Introduction Obesity is associated with diminished myocardial energetic stores, as determined by PCr/ATP, and this is restored with weight loss. We have previously demonstrated that the creatine kinase rate constant (k f CK) is elevated in obesity, which may represent a compensatory mechanism preserving ATP delivery. We hypothesised that intentional weight loss would reduce the requirement for increased enzyme activity, and hence k f CK would fall.

Methods 31 obese individuals (53±13 years, 11 male, BMI 37±5 kg/m-2) underwent comprehensive metabolic phenotyping including MR (3 T, Siemens) for abdominal, hepatic and myocardial fat, and cardiac MR for structure and function. Triple Repetition time Saturation Transfer (TRiST) 31P magnetic resonance spectroscopy was used to measure k f CK. Participants then underwent repeat testing following a dietary weight loss intervention.

Results Mean BMI in the cohort fell from 37±5 kg/m-2 to 33±6 kg/m-2 (p<0.001), with 22 volunteers losing more than 10% body fat (mean −20±15%, p=0.004) and only 2 gaining weight.
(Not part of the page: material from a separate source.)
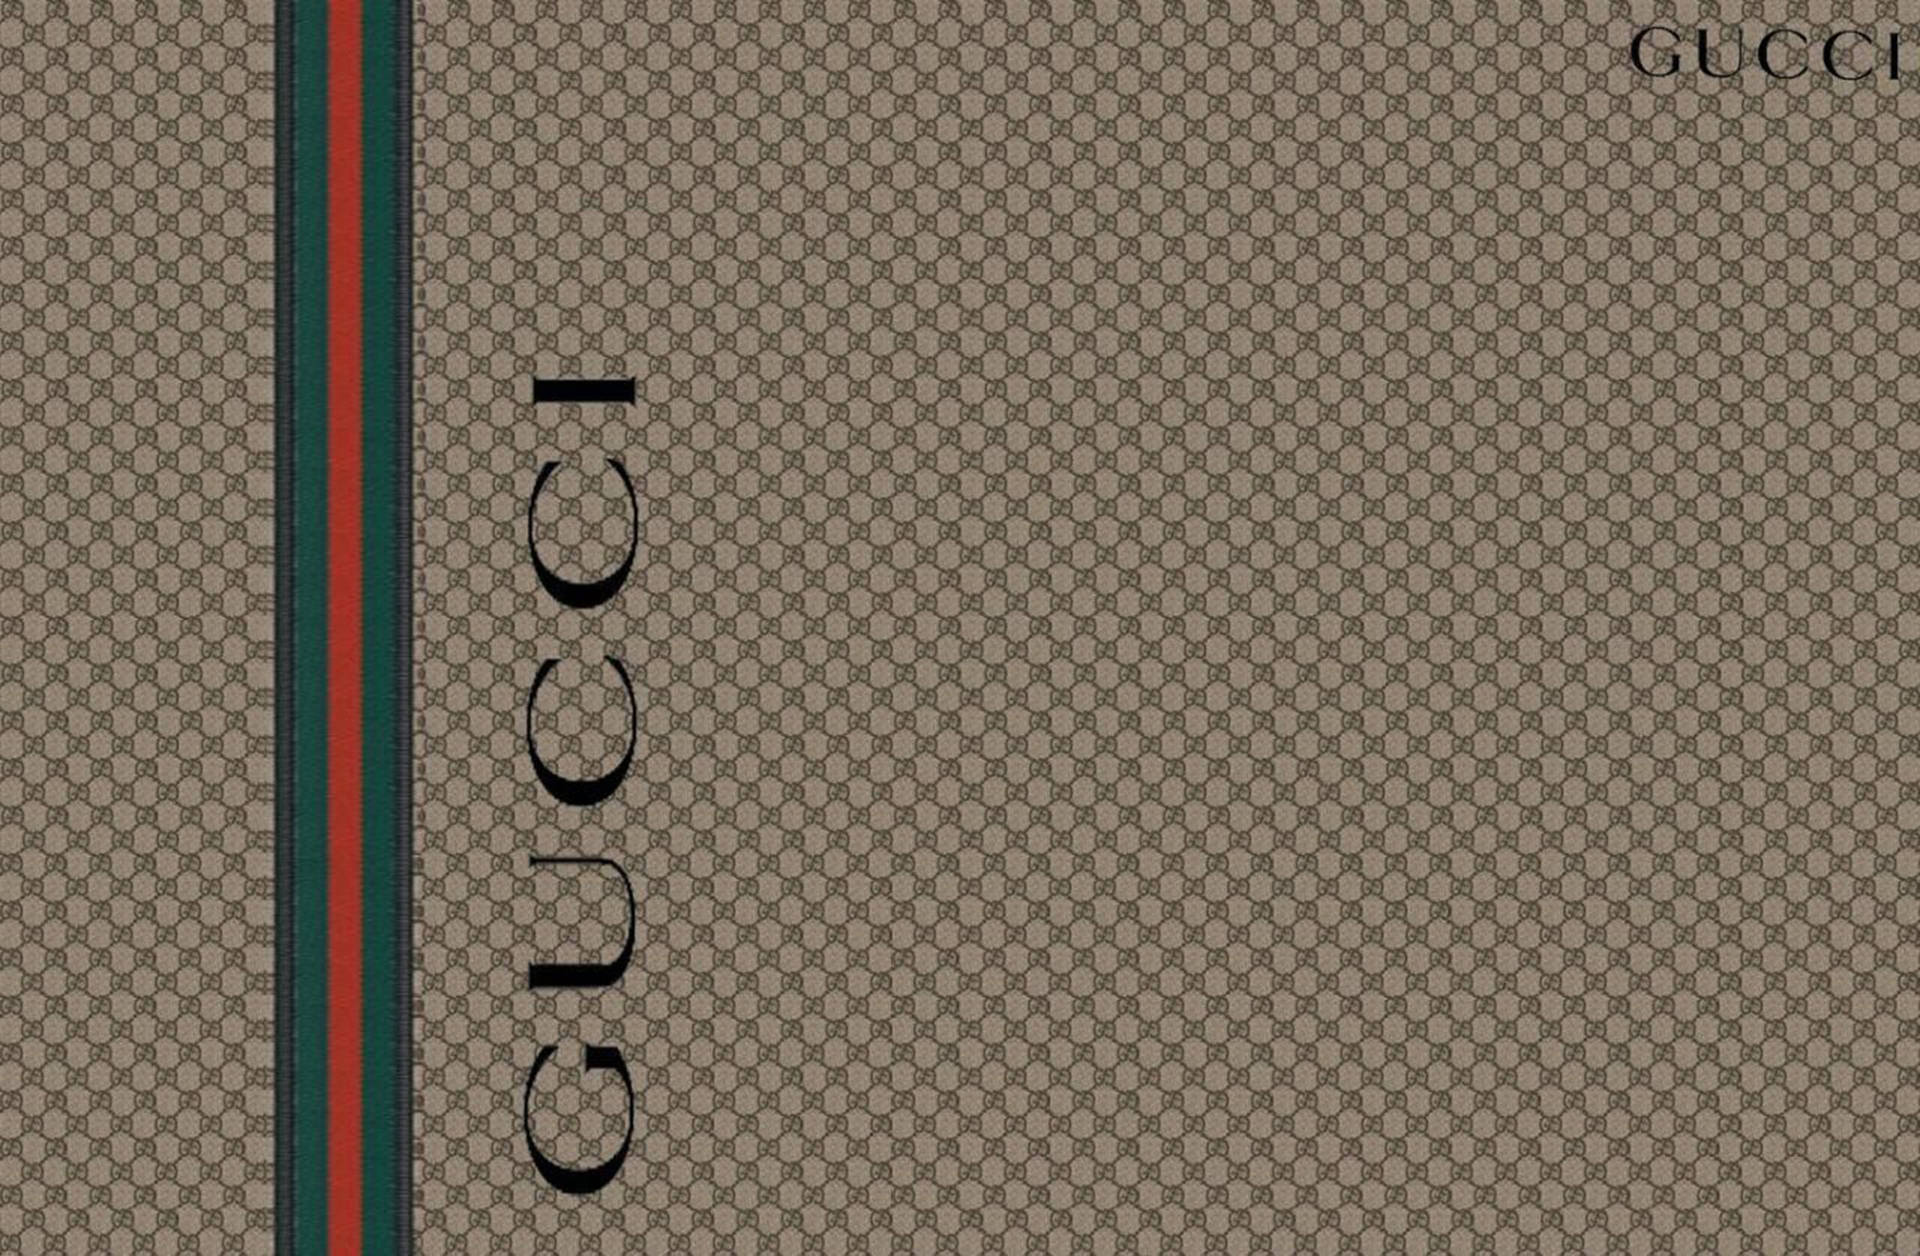 Brown Diamante Gucci Pattern Wallpaper

LV end-diastolic volume and mass fell (from 158±36 ml to 153±35 ml (p<0.001) and 115±31 g to 105±26 g (p=0.006) respectively. k f CK fell from 0.17±0.05s-1 to 0.12±0.05s-1 (p=0.001), a change which correlated with change in both fat mass (r=0.623, p=0.006), and visceral fat volume (r=0.565, p=0.010).

Conclusion We demonstrate that dietary weight loss in an obese population is associated with a fall in k f CK. It has previously been shown that weight loss in this population is associated with an increase in the PCr/ATP ratio. Our findings may reflect a recalibration of the required k f CK in the context of replenished substrate pool (i.e. higher PCr levels). The impact of weight loss in diseases with more profound myocardial energetic deficit must be investigated to establish its safety.